CuPyはNumPy と高い互換性を持つと言われているが、完全互換ではない。
その為、NumPyを使ったプログラムをCuPy に変えるのは難しい。
後のために挫折した経緯をメモしておく。
1.背景
”ニューラルネットワーク自作入門”に記載されているMNISTデータを利用した
画像認識プログラムをNumPyからCuPy へ変えて処理時間の比較を試みた。
2.問題点
NumPyと互換性のないCuPy関数がありエラーとなる。主な問題は2つある。
2.1 asfarray関数
(1)下図のようにcupy.asfarrayを呼んでもエラーになる。
cupyのAPI Referenceにはcupy.asfarrayが定義されいるのに何故エラーになるか分からない。
(2)暫定対策としてnumpyで計算してcupyに変換してみた。(下図の上側枠内)

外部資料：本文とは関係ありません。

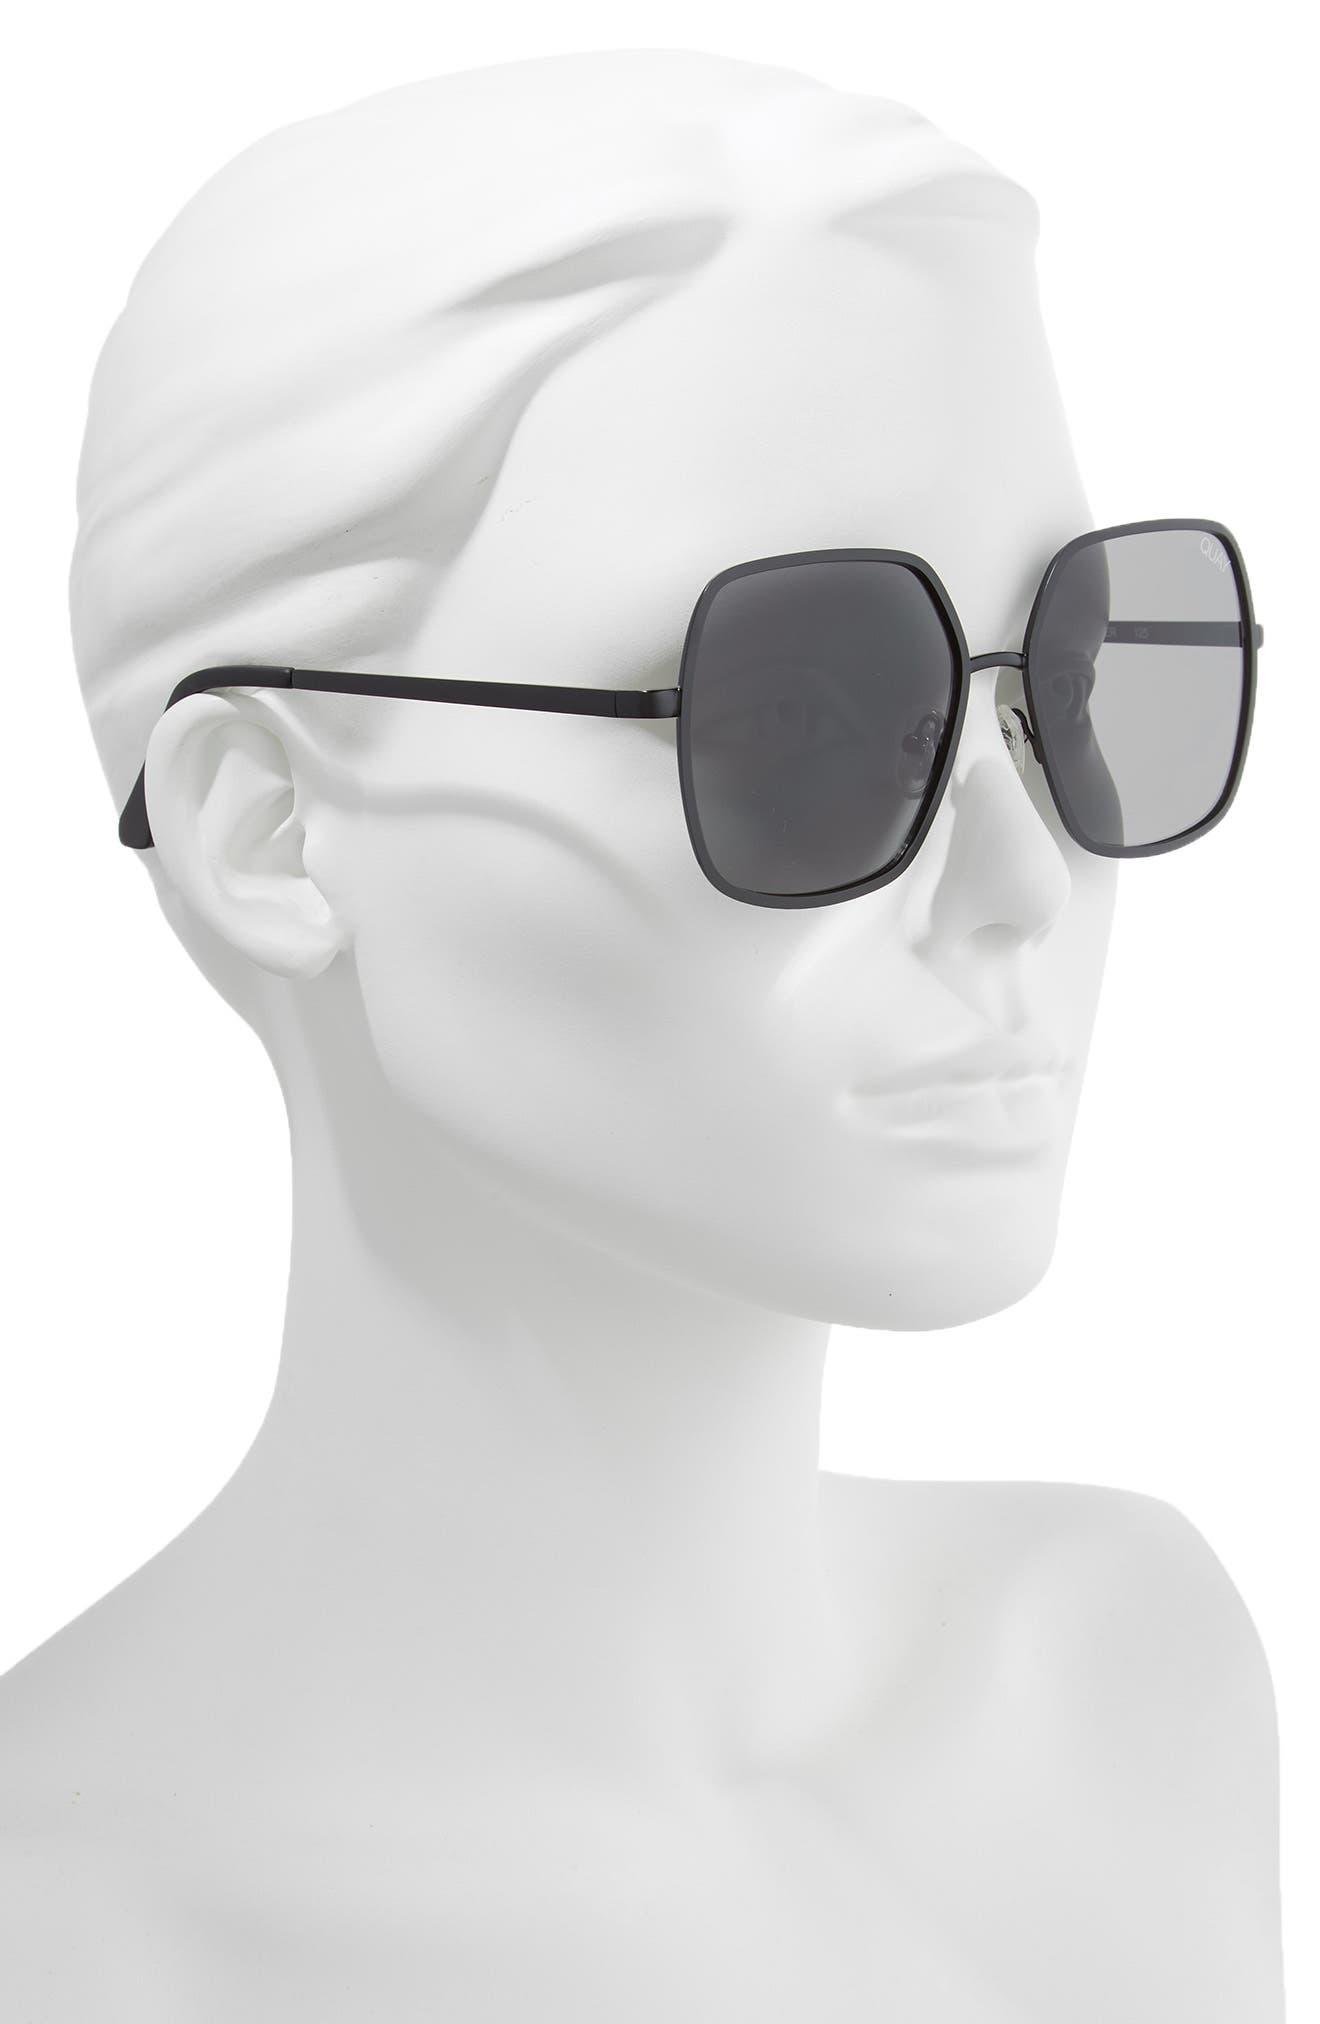 57mm Square Sunglasses,                             Alternate thumbnail 2, color,                             BLACK/ SMOKE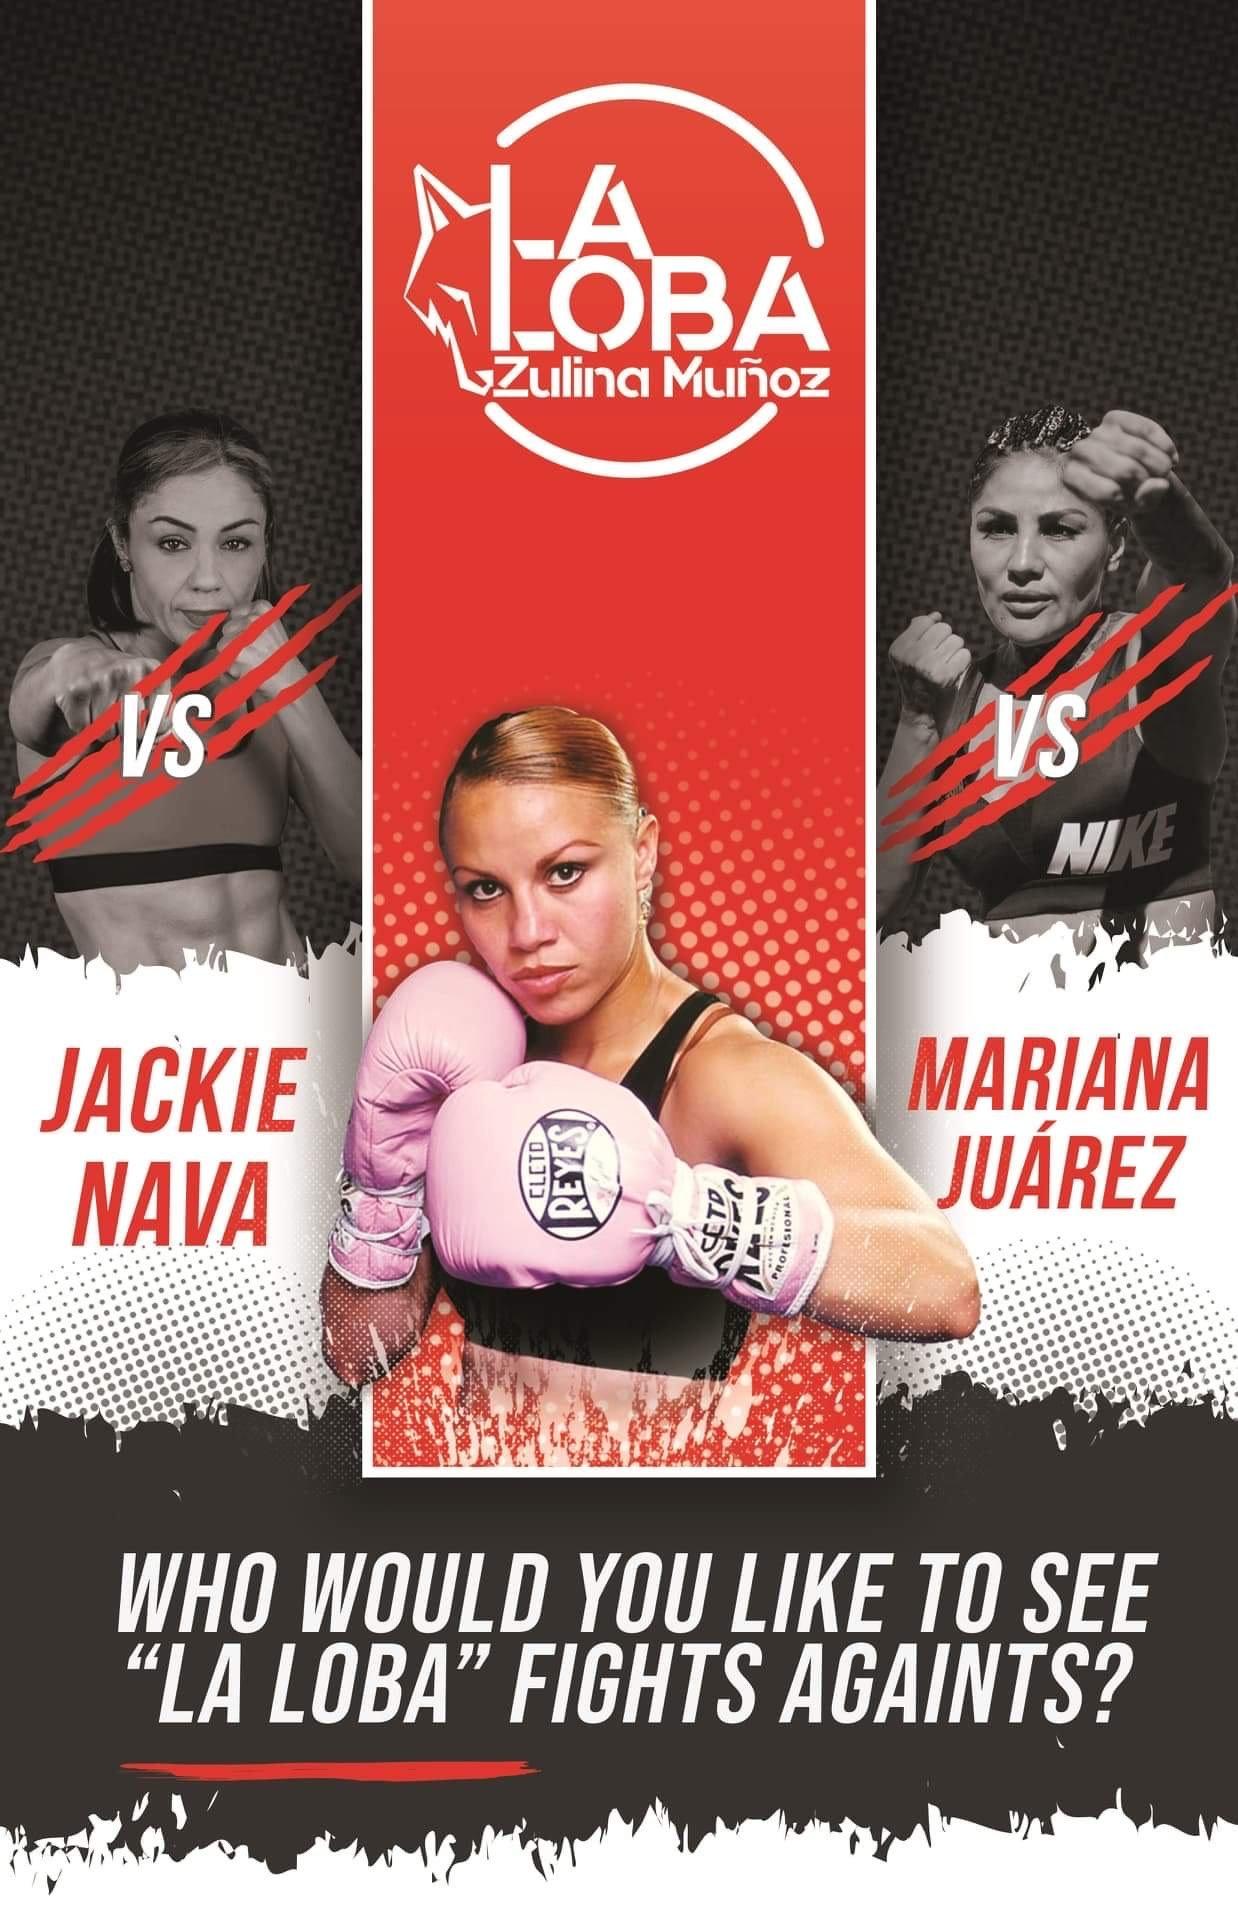 """Zulina """"Loba"""" Muñoz Wants a Big Fight"""

解消されたが、下図の下側枠内2つのようにscipy.special.expiでエラーになる。
2.2 scipy.special.expit関数
(1)cupyにはcupyx.scipy.special.expitがあるので下図のように変更した。
(2)しかし、下図枠内のようにエラーになる。
cupyのAPI Referenceにはcupyx.scipy.special.expitが定義されいるのに何故エラーになるか分からない。
(3)仕方がないのでsigmoid関数を自作して呼んだらエラーが解消された。
3.numpyと暫定対策版cupyの処理時間比較
(1)numpy
訓練に314秒、テストに1.4秒である。
(2)暫定対策版cupy
訓練に284秒(30秒しか早くない)、テストに7秒(5.6秒遅い)である。
認識精度はほぼ同じ。
<個人的な感想>
numpyと互換になるはずのcupy関数が普通に呼べないのは問題である。
暫定版でnumpyを使ってcupyに変換したので余分の処理時間がかかっていると思われ、
その為にテスト時間が遅いと推測される。
これではcupyを使う意味がないので、当分は使用を見送る。